Les ingénieurs généticiens peuvent concevoir et assembler des circuits génétiques sophistiqués pour programmer des cellules avec de nouvelles fonctions, mais des molécules de signalisation importantes peuvent se diluer à mesure que ces cellules grandissent et se divisent, entraînant la perte de leurs nouvelles fonctions par les circuits génétiques synthétiques.
Xiaojun Tian, professeur agrégé à l'École d'ingénierie des systèmes biologiques et de santé, qui fait partie des écoles d'ingénierie Ira A. Fulton de l'Arizona State University, et son équipe ont découvert un moyen de protéger ces programmes génétiques fragiles en utilisant un principe emprunté directement à la nature.
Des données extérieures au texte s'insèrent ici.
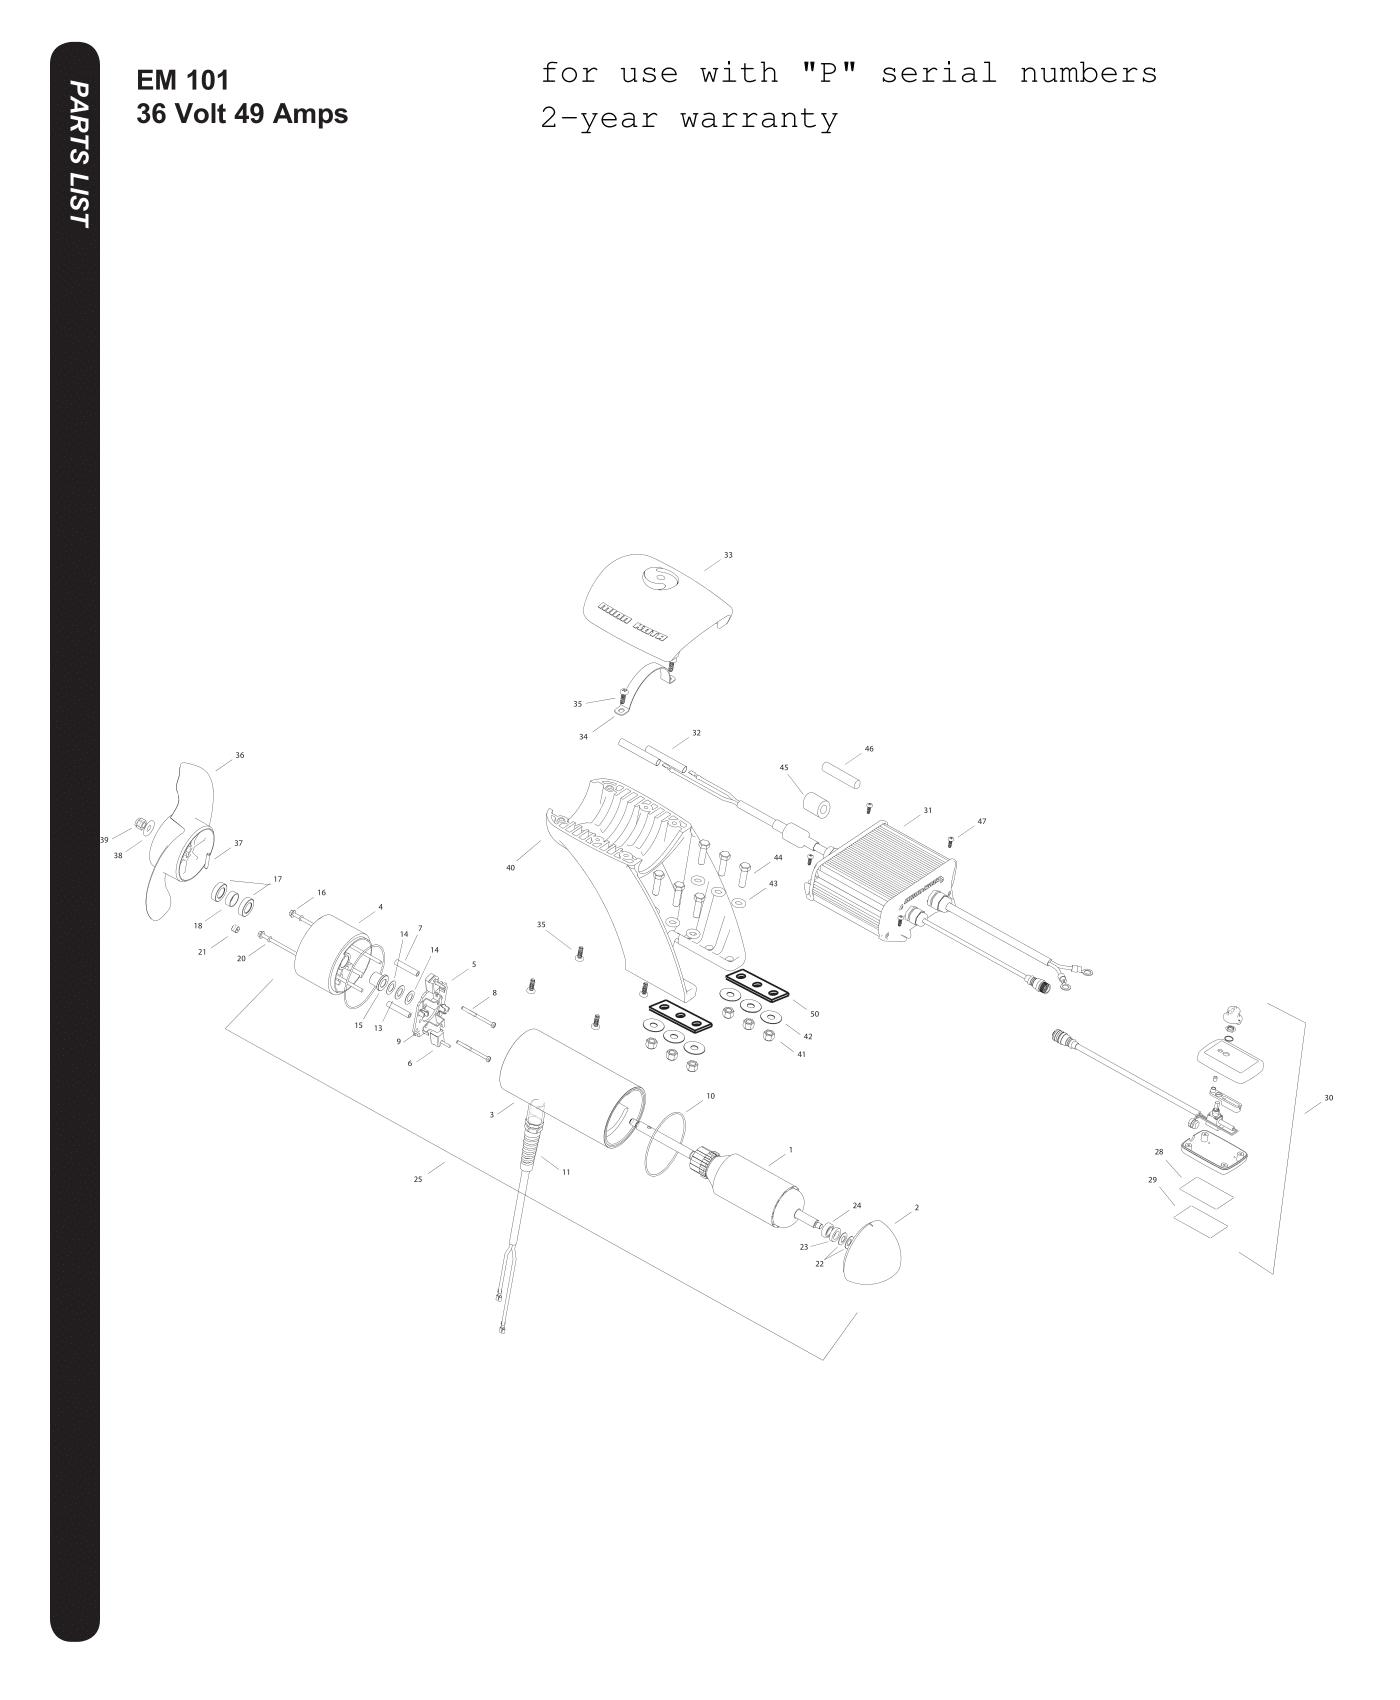 2015-mk-em101-1.png

Le projet s'appuie sur l'expertise interdisciplinaire en biologie synthétique, en modélisation et en ingénierie métabolique, fournie par David Nielsen, professeur de génie chimique à l'École d'ingénierie de la matière, des transports et de l'énergie, qui fait partie des écoles Fulton de l'ASU, et Wenwei Zheng, professeur agrégé de chimie à l'École des sciences appliquées et des arts, qui fait également partie des écoles Fulton de l'ASU.
Dans un nouvel article publié dans Celluleles chercheurs ont décrit une technique capable de stabiliser les circuits génétiques synthétiques en formant de petits compartiments ressemblant à des gouttelettes à l'intérieur des cellules grâce à un processus appelé séparation de phase liquide-liquide.
Ces gouttelettes microscopiques, appelées condensats transcriptionnels, agissent comme des zones de sécurité moléculaire autour des gènes clés, empêchant les modifications synthétiques d'être emportées par la marée de la croissance cellulaire.
« Lorsque nous essayons de programmer des cellules pour qu'elles effectuent des tâches utiles, telles que des diagnostics ou une production thérapeutique, les programmes génétiques échouent souvent parce que la croissance cellulaire dilue les molécules clés nécessaires à leur fonctionnement », explique Tian.
Nous avons relevé ce défi en exploitant la propre stratégie de séparation de phase de la cellule pour protéger les systèmes techniques. »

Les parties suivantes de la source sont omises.